Янтарные глаза
Он не пытается ее разыскать — из этого можно было сделать вывод, что театр, разыгранный ею перед Пинкертиной, выполнил свою задачу. Он создал фальшивую личность; а если ӧссеанин все-таки обнаружил ее вольт и следил за ней, то театр его запутал. Письмо, попавшее в ее руки в результате этой операции, было лишь бонусом.
Письмо. Лучше о нем не думать.
Камёлё пришла в магазинчик, где работала продавщицей. С дисплея на витрине улицу освещало звездное небо. «Ӧссенская мудрость» — гласила вывеска. Может, название немного напыщенное, но, как говорила работодательница Камёлё, если хочешь заниматься предпринимательством в сфере безмерных тайн космоса и безмерной человеческой доверчивости, преувеличивать тоже нужно безмерно.

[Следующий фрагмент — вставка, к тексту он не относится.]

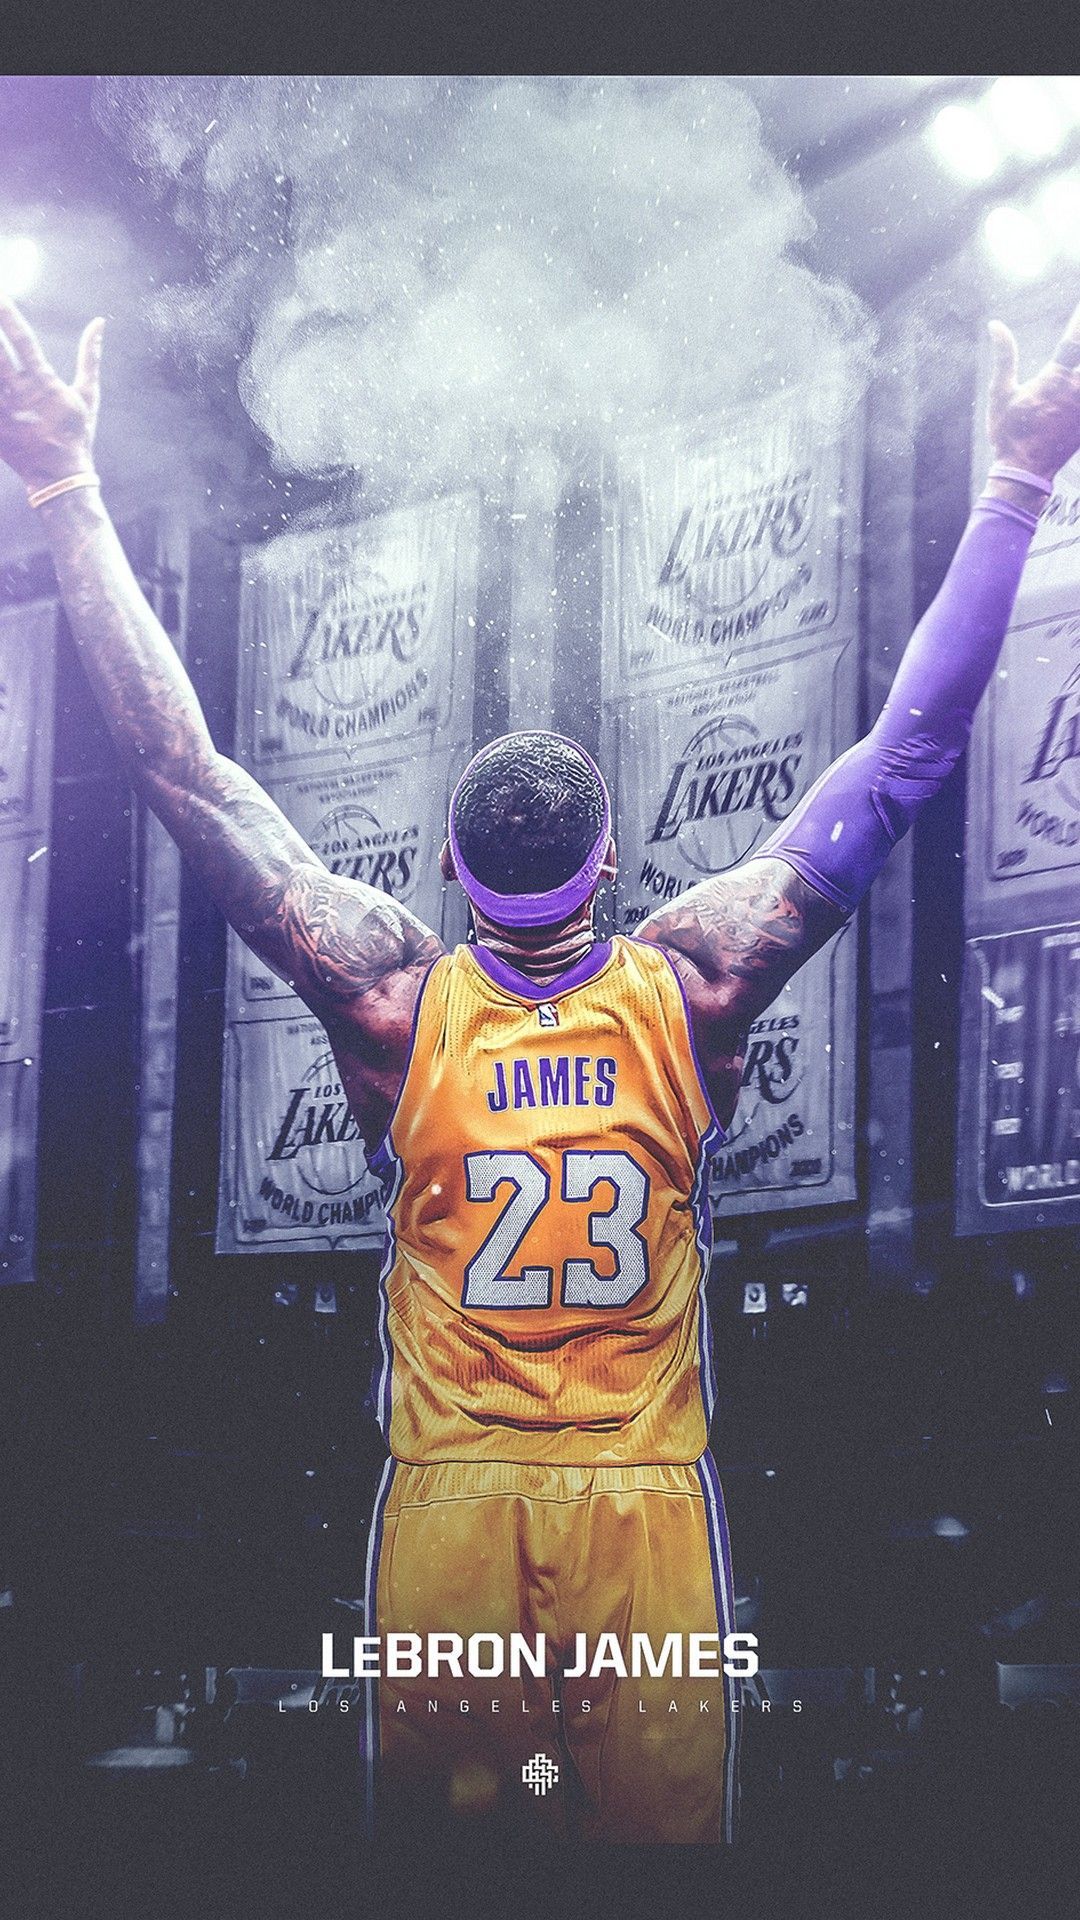 LeBron James LA Lakers HD Wallpaper For iPhone Basketball Wallpaper. Lebron james poster, Basketball wallpaper hd, Lebron james wallpaper
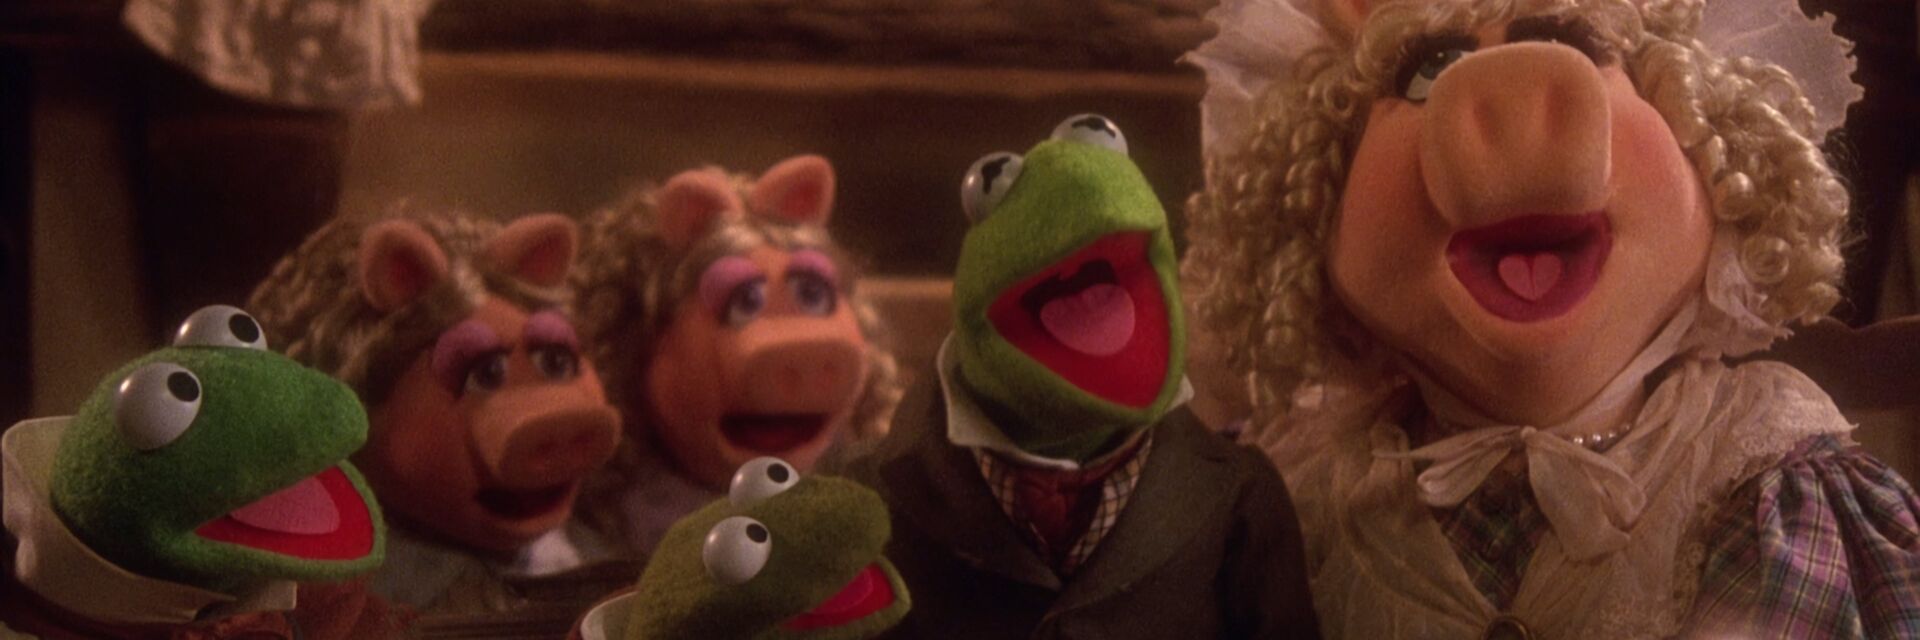 The Muppet Christmas Carol (1992) – 30th anniversary

Камёлё проскользнула внутрь и осторожно вдохнула. «Ӧссенская мудрость» для слабых характером могла быть в прямом смысле слова опасна. Концентрация таинственности и одухотворенности на кубический сантиметр здесь многократно превышала дозволенную норму.
Сзади были склад и офис, оба отделены шторой от магазина и лестницы — чтобы безумных землян и обанкротившихся ӧссеан, покупающих здесь магические амулеты или посещающих «мессы» в местном импровизированном лардӧэне, не оскорблял вид чего-то настолько низменного, как стол, заваленный счетами. Старая Ёлтаӱл, одетая в джинсы и полосатую майку с черепом и костями, копалась в глубине в ящиках и вполголоса бормотала на ӧссеине.
— Рё Аккӱтликс, дурацкое барахло… духовное возрождение, чтоб вас… курицы мистические… — долетали до Камёлё обрывки ее разговоров с самой собой.
Камёлё ухмыльнулась, подняла штору и подошла к Ёлтаӱл.
— Ага, а вот и ты! — обрушилась на нее начальница.
Она ткнула в Камёлё пальцем.
— Каких цветов может быть аура?
— Любых,— заверила ее Камёлё.— Три-четыре оттенка личной характеристики плюс их вариации в соответствии с нынешним настроением. Но очень мало людей ее видят, Ёлтаӱл. Даже среди глееваринов.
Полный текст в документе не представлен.